Marie…I think we’ve all run into some folks who, having “made it the hard way,” don’t necessarily see that they can help create a different way forward, who don’t necessarily see that as an important part of their legacy. And those people…they’re inspiring, but sometimes they’re as much “cautionary tale” as they are role model.

And Julian, so far I’ve just been trying to have fun with him. He’s not quite “Doctor Evil,” but he’s definitely a certain type of hotshot who navigates the system like a ninja for his own benefit, without, necessarily, a lot of thought to the larger consequences. 

Like I said, I sometimes start writing based on what gets my dander up.

What are you hoping to get out of the upcoming workshop at the Playwrights’ Center?

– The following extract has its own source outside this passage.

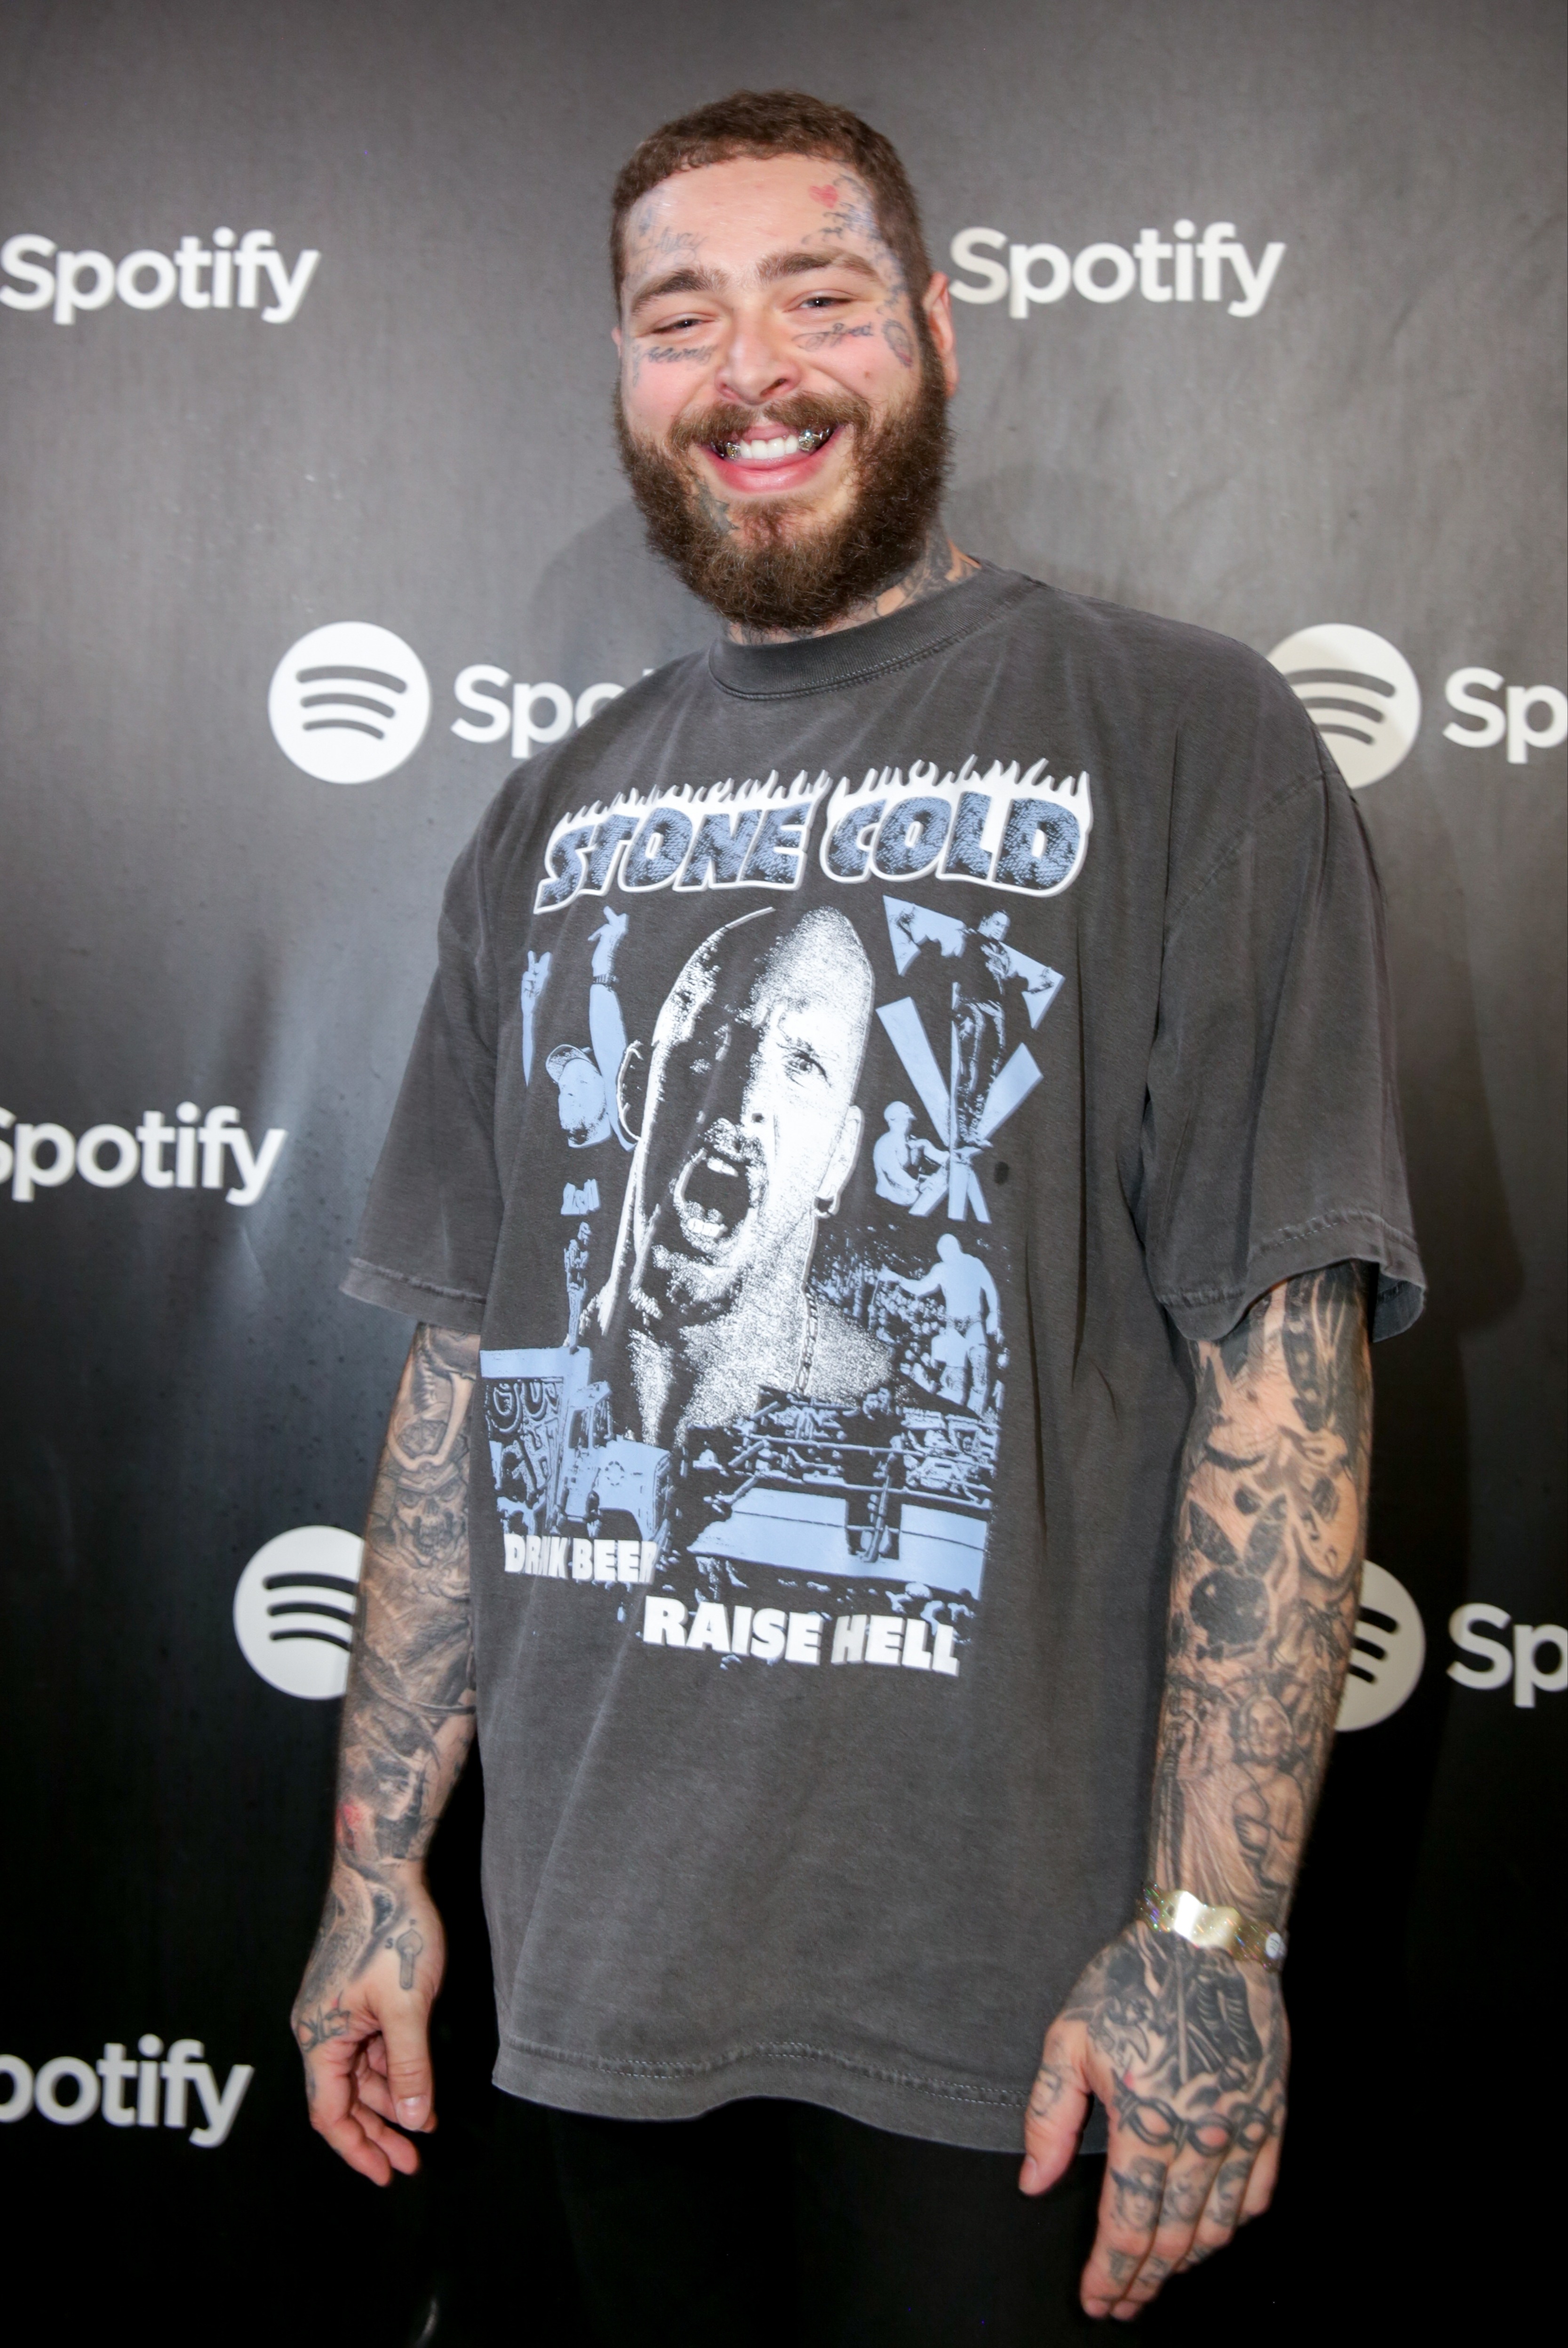 Post Malone reached his heaviest weight of 240 pounds before deciding that a change was needed

I’m hoping that some smart people can help me break the play open. I’m really hoping to leave with a completely different draft than I come with. I’m looking hard at the second act. And I want to look at the science. It’s funny, I did all this research to put the science in a little while ago, and then as I’ve been going back to review the draft that I’ve put away for a while, I’m like, “huh?” I need to make sure that the science invites people into the play, or at least doesn’t make them feel uninvited. So, yeah, to make sure the science is there and it’s real but is not going to be enough to make people feel like they need to go take a biology class before they can enjoy the play and understand it.

What are some other things you’re working on now, besides this play?

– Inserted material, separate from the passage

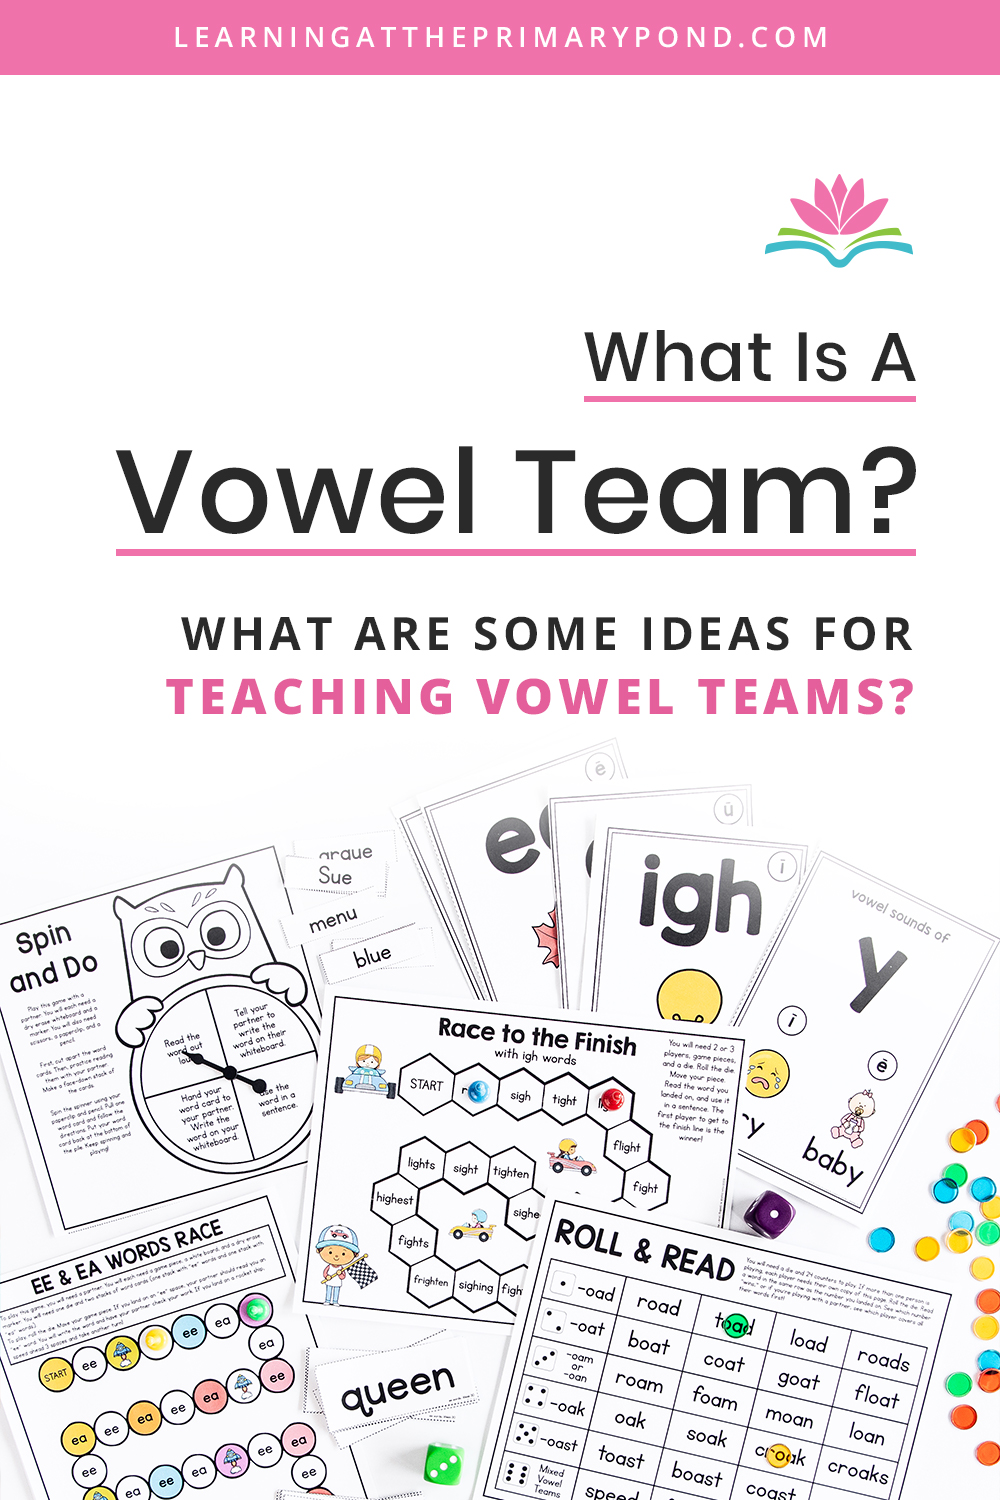 What Is A Vowel Team What Are Some Ideas For Teaching Vowel Teams Learning At The Primary Pond

I’m still working on Goddess of Mercy. I got a chance to work on it a lot this summer, thanks largely to the Playwrights’ Center and their advocacy for it. 

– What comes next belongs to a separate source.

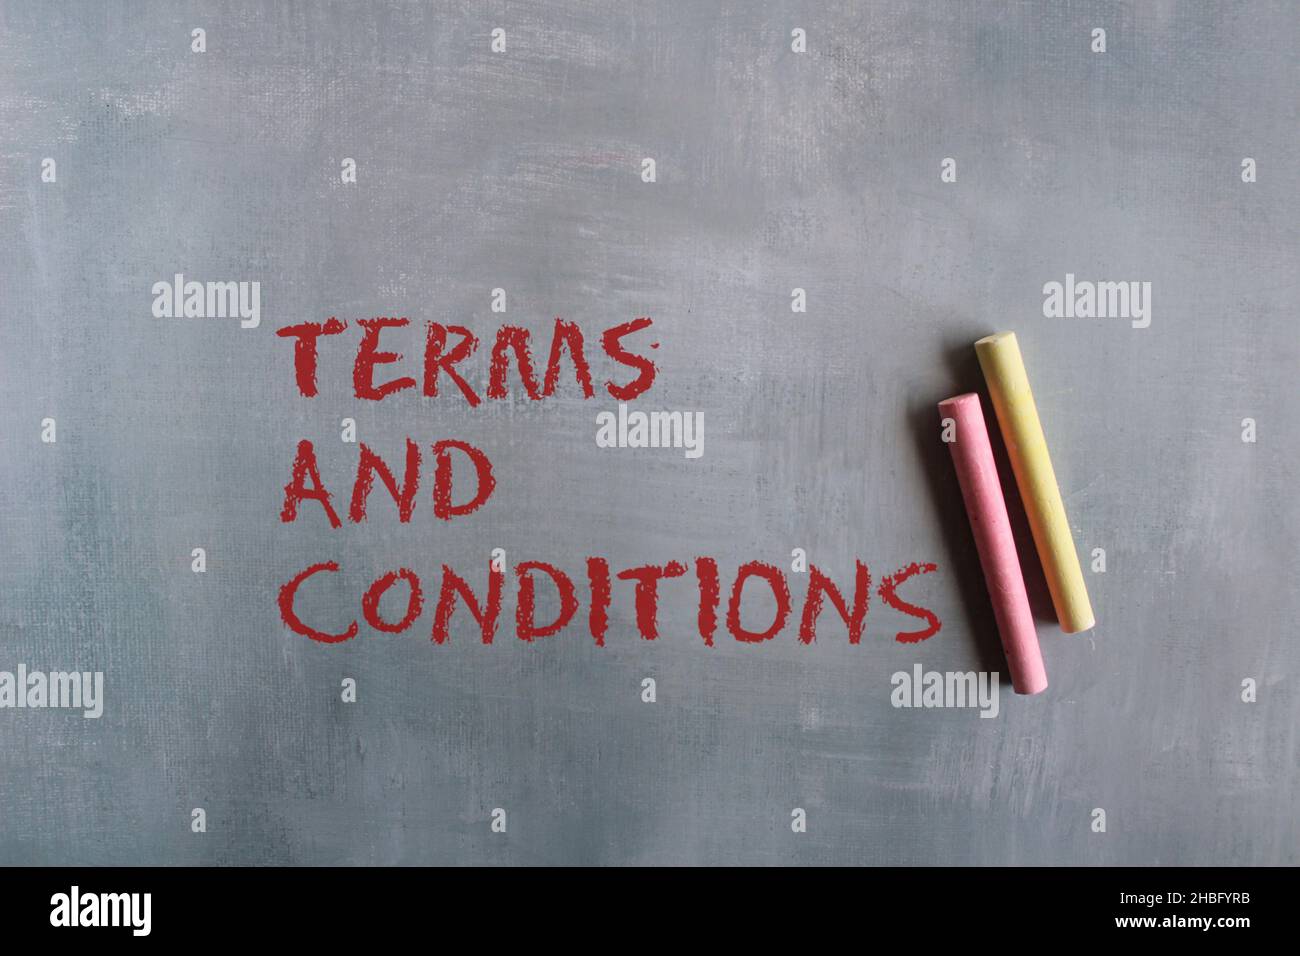 Business agreement and contract concept. Chalkboard handwriting text TERMS AND CONDITIONS on concrete floor Stock Photo

I’m working on a television project, which is still all speculative. I’m also in the early stages of a play that is set in Crown Heights, Brooklyn. I lived in a building there that was amazing, with the cross-section of people who were my neighbors. It was kind of a hot time to be there, a high water mark in the gentrification in that neighborhood. It was also when there were some particularly, spectacularly violent things that happened. There was a woman who was burned to death in her own elevator. And a grocery store on the corner that was burned down. And an apartment that burned down. So I’ve been thinking about whether I want the play to be about fire. And I’ve been thinking about my neighbors, who I got to know pretty well, and whose story I feel that I have to tell. This is probably the biggest, messiest play I’ve ever tried to write.

Sounds like an exciting time for you and your writing.

It’s been a busy four or five months. By far the busiest that I’ve ever had. And it’s been really gratifying; I’ve had wonderful mentors and collaborators along the way. For the last two years it’s felt a little bit like I’m building a pile of sticks in a vacuum and trying to light a fire. And in the last six months somebody was like, “Would you like some oxygen for that?” And then I’ve been able to make some headway on some projects that I really really care about, and start to build relationships that I’m excited about and I hope are long term. So much of that is due to the advocacy of the Playwrights’ Center. It’s a pretty good place to be.